Truth or entrapment?9-25-2012 Florida:
LARGO — Faced with unprecedented budget cuts as chief deputy of the Pinellas County Sheriff's Office four years ago, Bob Gualtieri set about deciding where the county's biggest law enforcement agency could safely scale back its workforce.
Among the casualties the budget crisis claimed was the sheriff's fugitive section, a bureau of 16 deputies whose primary responsibility was to review and serve arrest warrants. The disbanding of the unit in 2009 led to $1.6 million in savings — and now, serious questions about whether it should have been preserved.

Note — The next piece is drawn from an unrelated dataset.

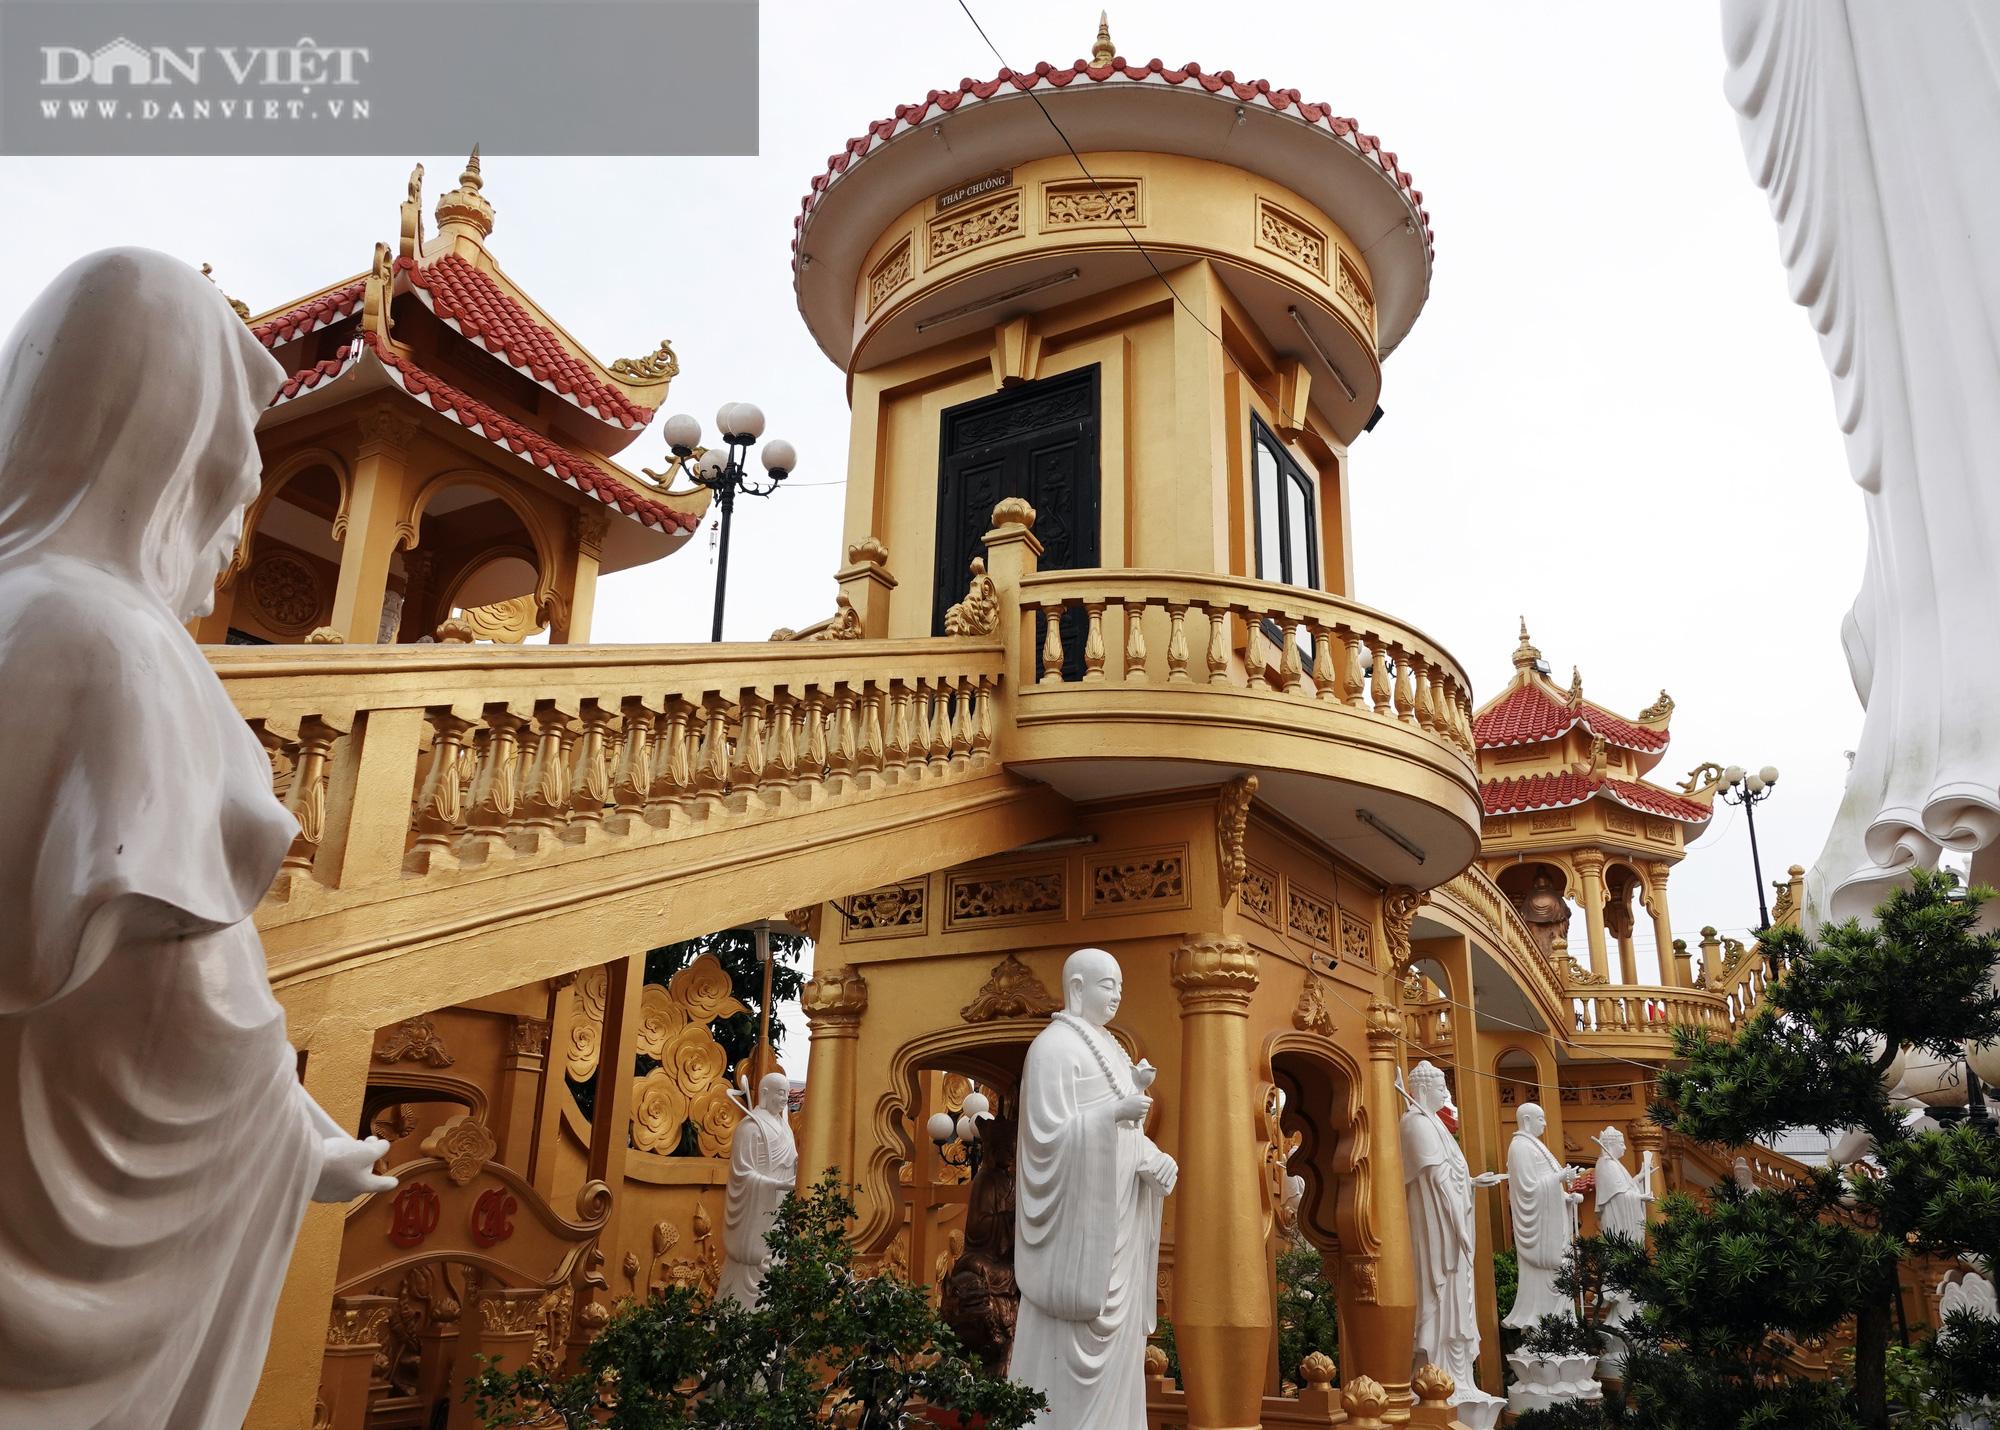 Ngôi chùa ở Cù Lao Giêng với quần thể tượng Phật đạt kỷ lục Việt Nam có gì đặc biệt? - Ảnh 10.
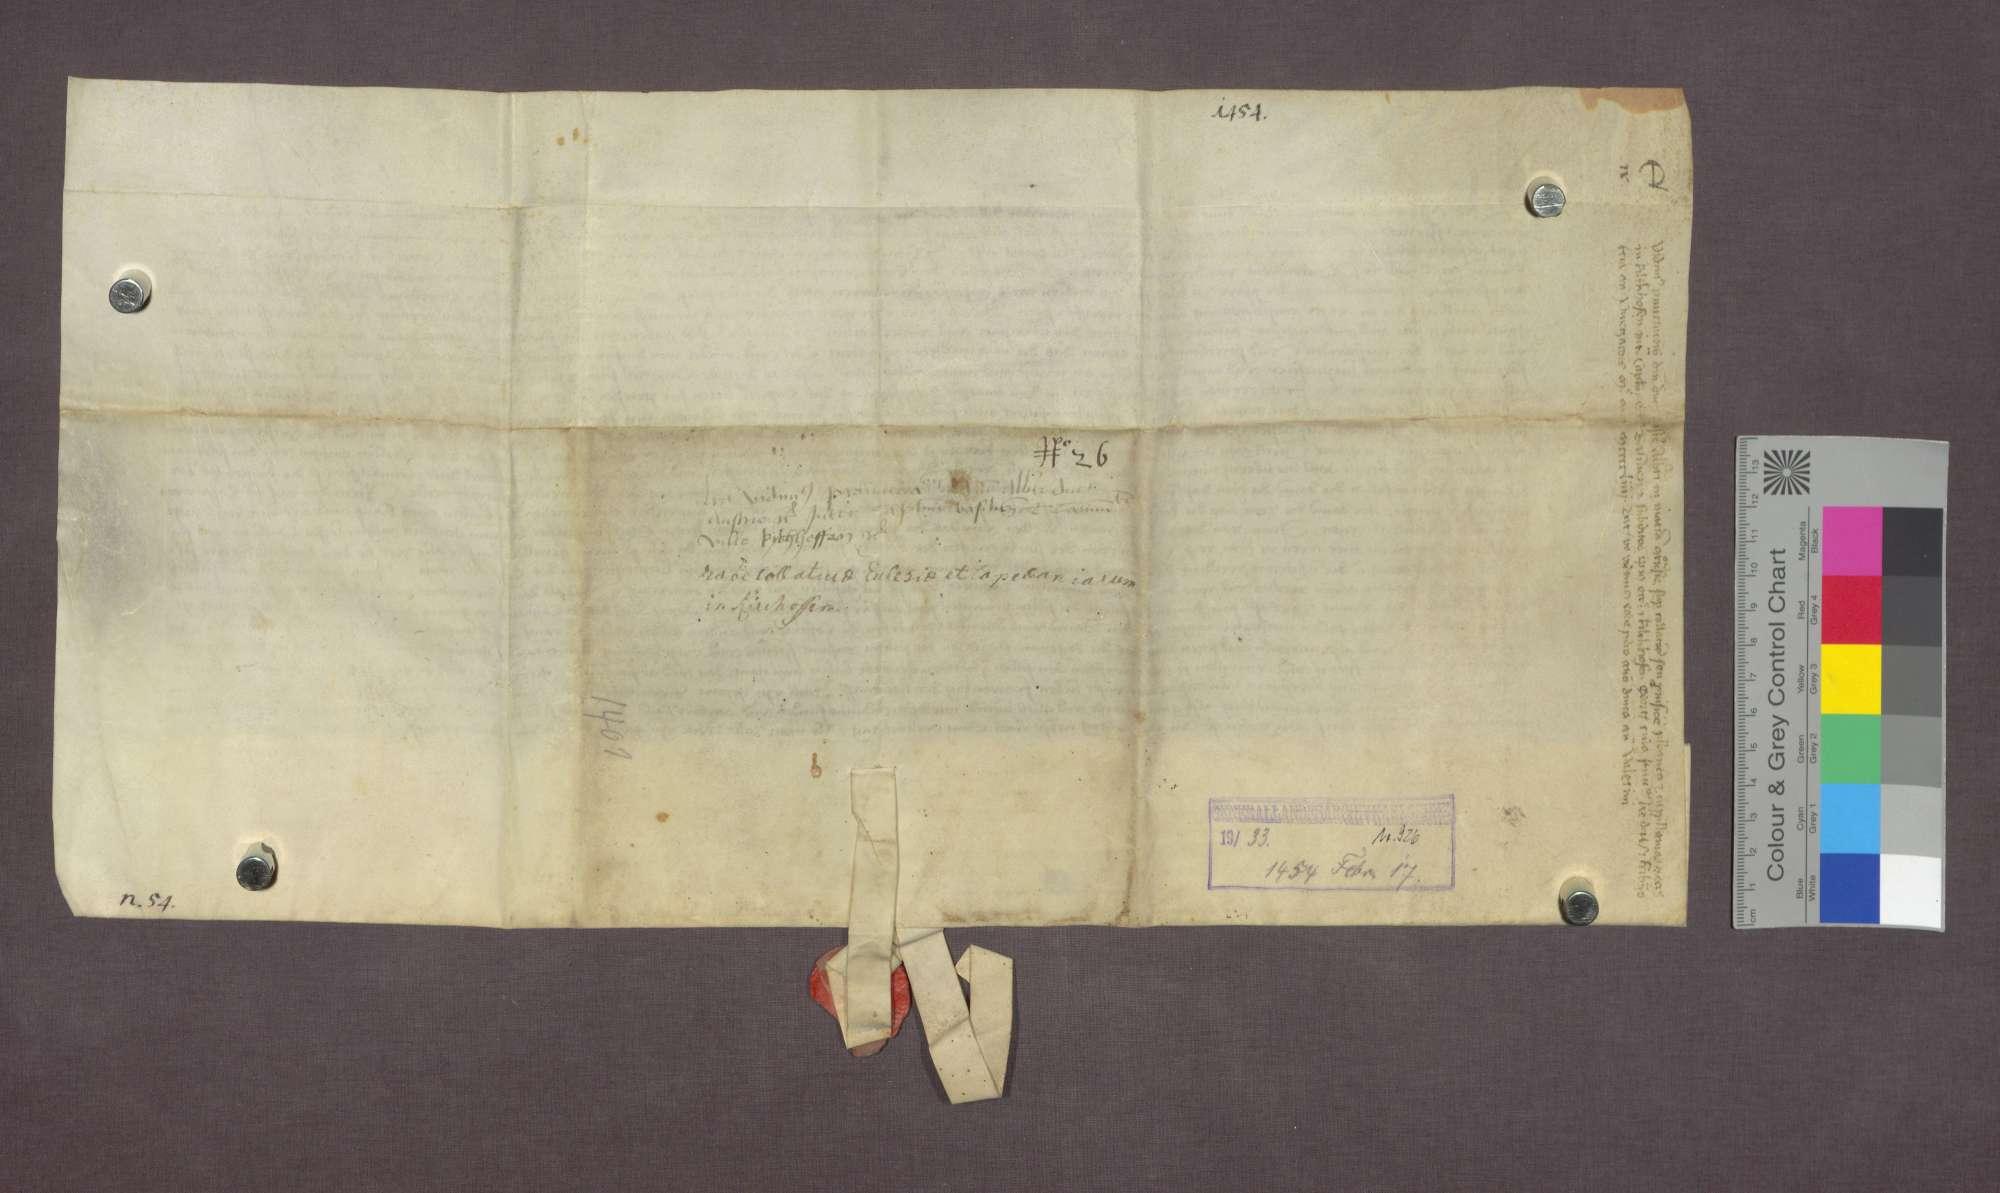 Vidimus der Entscheidung Erzherzog Albrechts von Österreich von 1454 Januar 29., Bild 2

The case of Gregory J. Johns, a Safety Harbor man who authorities say raped and impregnated an 11-year-old girl while his felony arrest warrant sat unserved, has brought renewed scrutiny to the Sheriff's Office's effectiveness in tracking dangerous fugitives.
That job has been outsourced to about 550 front-line patrol deputies tasked with searching for fugitives and serving warrants when not responding to other calls. Gualtieri, now sheriff, asserts that a warrants database accessible from squad car computers allows those deputies to do the work once done by detectives.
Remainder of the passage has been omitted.